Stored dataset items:
%%
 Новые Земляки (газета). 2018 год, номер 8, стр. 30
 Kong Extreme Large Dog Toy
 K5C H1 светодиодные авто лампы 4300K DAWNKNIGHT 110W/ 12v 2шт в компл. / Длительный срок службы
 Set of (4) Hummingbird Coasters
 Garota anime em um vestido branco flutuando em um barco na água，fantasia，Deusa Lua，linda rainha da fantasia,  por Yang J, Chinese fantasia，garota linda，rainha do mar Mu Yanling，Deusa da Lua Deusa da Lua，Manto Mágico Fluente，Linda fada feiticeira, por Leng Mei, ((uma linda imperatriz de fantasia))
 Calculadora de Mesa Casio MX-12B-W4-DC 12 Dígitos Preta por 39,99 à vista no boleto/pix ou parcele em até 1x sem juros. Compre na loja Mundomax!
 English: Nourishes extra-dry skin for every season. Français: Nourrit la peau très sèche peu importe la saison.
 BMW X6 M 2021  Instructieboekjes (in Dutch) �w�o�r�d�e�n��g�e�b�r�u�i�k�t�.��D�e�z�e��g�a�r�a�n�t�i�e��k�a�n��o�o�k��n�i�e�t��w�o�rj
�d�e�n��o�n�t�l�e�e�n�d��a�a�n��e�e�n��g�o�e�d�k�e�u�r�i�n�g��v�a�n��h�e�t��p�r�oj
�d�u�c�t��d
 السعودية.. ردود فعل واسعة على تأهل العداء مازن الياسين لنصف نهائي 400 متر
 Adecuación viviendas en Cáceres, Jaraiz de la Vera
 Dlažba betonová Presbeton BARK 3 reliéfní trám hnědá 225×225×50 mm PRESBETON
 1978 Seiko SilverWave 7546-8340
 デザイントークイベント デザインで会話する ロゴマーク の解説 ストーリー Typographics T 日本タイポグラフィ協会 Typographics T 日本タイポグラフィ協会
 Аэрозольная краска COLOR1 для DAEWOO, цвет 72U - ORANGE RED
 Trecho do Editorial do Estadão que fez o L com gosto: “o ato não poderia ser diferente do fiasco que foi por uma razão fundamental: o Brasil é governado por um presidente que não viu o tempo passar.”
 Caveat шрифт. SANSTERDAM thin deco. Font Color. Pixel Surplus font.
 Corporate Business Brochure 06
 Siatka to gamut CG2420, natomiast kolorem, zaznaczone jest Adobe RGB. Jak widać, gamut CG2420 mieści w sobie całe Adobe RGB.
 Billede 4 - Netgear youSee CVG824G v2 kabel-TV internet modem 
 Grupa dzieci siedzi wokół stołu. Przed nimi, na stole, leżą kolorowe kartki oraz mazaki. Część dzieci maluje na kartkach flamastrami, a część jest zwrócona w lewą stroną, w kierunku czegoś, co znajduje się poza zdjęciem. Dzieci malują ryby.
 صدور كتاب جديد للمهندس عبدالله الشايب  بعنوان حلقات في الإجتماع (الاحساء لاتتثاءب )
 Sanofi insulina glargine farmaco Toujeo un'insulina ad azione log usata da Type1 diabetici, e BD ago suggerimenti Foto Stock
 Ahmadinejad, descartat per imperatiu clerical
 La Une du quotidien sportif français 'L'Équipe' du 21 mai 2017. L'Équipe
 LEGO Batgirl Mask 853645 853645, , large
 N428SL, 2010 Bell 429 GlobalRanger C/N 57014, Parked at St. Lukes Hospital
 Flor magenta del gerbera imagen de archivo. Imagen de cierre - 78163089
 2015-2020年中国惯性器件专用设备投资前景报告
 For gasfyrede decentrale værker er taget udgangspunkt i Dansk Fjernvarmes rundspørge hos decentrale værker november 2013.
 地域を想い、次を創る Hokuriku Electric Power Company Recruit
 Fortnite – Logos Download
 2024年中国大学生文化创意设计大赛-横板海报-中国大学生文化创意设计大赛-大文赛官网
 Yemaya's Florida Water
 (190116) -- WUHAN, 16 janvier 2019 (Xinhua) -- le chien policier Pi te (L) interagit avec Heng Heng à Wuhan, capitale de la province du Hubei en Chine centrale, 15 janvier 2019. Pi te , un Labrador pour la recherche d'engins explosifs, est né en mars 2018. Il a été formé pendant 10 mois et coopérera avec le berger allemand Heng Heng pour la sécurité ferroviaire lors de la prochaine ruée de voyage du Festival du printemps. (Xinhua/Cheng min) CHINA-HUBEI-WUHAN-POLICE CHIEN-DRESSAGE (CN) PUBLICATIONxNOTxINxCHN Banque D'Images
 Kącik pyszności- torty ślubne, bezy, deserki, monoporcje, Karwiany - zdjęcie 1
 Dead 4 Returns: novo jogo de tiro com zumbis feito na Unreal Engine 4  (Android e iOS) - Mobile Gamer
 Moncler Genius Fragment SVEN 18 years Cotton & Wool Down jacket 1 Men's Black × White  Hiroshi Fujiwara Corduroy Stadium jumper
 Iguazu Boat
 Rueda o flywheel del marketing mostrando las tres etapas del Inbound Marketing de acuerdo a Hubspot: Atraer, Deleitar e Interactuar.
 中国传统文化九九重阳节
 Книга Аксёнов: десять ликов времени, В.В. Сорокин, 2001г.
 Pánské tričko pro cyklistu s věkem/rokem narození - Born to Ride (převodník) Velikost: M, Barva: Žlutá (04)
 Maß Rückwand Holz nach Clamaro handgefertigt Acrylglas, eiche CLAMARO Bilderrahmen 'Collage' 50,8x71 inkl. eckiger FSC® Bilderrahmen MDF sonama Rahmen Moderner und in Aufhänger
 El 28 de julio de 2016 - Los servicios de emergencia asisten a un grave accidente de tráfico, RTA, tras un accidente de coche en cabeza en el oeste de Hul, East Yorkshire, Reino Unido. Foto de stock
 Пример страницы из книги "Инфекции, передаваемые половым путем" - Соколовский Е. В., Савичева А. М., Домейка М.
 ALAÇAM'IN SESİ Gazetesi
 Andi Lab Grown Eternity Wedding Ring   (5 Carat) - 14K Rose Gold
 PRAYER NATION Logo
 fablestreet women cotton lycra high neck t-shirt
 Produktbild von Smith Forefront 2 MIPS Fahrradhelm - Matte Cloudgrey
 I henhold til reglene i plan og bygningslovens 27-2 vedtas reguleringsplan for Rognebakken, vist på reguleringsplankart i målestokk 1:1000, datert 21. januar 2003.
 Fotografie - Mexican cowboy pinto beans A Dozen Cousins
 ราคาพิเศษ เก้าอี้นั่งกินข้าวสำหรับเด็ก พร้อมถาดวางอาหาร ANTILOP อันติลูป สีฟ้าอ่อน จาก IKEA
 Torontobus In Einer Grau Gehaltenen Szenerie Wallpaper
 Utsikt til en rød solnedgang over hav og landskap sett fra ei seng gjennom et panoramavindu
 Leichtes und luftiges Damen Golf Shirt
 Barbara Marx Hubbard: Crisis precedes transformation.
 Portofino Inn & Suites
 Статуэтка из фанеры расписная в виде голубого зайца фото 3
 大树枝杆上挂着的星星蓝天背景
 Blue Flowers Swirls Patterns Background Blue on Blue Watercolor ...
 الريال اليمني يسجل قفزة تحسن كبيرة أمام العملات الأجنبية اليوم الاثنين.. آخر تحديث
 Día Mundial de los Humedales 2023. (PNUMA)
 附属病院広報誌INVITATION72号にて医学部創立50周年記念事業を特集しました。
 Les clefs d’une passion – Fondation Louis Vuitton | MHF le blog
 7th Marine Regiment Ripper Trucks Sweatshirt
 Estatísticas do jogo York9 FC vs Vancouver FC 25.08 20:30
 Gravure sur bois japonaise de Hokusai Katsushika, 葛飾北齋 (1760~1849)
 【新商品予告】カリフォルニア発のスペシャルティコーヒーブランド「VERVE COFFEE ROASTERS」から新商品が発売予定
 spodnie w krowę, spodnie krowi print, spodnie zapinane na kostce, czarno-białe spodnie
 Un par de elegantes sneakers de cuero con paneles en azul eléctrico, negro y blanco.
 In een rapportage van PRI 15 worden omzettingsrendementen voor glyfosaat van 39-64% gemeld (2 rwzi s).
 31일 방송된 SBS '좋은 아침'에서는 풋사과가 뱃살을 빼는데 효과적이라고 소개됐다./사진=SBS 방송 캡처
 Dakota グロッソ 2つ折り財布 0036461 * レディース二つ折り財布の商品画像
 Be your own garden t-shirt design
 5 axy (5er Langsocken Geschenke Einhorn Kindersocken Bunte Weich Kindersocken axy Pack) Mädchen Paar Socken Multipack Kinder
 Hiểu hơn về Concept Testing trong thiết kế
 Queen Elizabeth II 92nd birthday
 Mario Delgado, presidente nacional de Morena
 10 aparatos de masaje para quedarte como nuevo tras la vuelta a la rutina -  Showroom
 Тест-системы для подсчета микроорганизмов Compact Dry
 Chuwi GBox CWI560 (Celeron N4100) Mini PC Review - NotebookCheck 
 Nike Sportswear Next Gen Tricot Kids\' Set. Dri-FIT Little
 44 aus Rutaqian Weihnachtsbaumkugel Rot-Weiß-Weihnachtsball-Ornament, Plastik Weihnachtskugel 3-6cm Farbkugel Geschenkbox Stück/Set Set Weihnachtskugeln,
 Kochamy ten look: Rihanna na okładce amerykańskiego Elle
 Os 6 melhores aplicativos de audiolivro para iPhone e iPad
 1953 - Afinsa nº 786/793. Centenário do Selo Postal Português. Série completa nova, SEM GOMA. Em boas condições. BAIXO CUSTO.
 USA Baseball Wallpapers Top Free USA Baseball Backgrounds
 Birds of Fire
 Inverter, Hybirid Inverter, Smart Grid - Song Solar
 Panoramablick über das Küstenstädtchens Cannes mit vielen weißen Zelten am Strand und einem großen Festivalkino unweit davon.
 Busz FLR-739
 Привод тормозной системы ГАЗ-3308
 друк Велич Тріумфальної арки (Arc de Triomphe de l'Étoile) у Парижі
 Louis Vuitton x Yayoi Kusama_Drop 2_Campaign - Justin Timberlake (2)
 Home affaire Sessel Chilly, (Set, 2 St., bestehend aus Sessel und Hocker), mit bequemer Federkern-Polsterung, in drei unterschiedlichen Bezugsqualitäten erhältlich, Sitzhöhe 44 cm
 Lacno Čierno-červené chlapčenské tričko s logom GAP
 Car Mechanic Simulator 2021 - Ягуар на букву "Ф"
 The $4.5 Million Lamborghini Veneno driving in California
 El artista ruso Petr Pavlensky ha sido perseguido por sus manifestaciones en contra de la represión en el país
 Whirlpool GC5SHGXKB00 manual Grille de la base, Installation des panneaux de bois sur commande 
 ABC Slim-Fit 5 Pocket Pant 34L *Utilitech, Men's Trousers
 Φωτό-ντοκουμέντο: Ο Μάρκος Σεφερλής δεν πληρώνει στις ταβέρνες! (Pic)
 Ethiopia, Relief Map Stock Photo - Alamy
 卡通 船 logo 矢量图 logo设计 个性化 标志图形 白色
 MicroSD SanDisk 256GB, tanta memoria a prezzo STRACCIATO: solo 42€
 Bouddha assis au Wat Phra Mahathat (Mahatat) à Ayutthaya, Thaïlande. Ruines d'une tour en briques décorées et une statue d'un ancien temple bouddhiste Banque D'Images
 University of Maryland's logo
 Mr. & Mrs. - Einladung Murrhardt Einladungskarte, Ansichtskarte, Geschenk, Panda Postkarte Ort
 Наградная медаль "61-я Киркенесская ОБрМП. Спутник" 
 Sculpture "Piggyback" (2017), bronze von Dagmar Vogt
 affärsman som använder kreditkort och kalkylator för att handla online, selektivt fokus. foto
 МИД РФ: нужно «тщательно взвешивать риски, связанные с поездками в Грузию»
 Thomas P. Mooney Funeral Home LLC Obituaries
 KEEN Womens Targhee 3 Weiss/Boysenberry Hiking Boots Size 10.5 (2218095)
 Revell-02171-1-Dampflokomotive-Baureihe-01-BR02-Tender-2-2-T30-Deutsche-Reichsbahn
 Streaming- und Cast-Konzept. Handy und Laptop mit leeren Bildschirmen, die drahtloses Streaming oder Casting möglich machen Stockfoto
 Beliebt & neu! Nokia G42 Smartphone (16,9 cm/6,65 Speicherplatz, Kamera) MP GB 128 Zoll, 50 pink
%%
Work instruction :: Proceeding from the line containing "Lacno Čierno-červené chlapčenské" through the line containing "von Dagmar Vogt", transcribe the lines above exactly, both end lines included.

Answer box ::
 Lacno Čierno-červené chlapčenské tričko s logom GAP
 Car Mechanic Simulator 2021 - Ягуар на букву "Ф"
 The $4.5 Million Lamborghini Veneno driving in California
 El artista ruso Petr Pavlensky ha sido perseguido por sus manifestaciones en contra de la represión en el país
 Whirlpool GC5SHGXKB00 manual Grille de la base, Installation des panneaux de bois sur commande 
 ABC Slim-Fit 5 Pocket Pant 34L *Utilitech, Men's Trousers
 Φωτό-ντοκουμέντο: Ο Μάρκος Σεφερλής δεν πληρώνει στις ταβέρνες! (Pic)
 Ethiopia, Relief Map Stock Photo - Alamy
 卡通 船 logo 矢量图 logo设计 个性化 标志图形 白色
 MicroSD SanDisk 256GB, tanta memoria a prezzo STRACCIATO: solo 42€
 Bouddha assis au Wat Phra Mahathat (Mahatat) à Ayutthaya, Thaïlande. Ruines d'une tour en briques décorées et une statue d'un ancien temple bouddhiste Banque D'Images
 University of Maryland's logo
 Mr. & Mrs. - Einladung Murrhardt Einladungskarte, Ansichtskarte, Geschenk, Panda Postkarte Ort
 Наградная медаль "61-я Киркенесская ОБрМП. Спутник" 
 Sculpture "Piggyback" (2017), bronze von Dagmar Vogt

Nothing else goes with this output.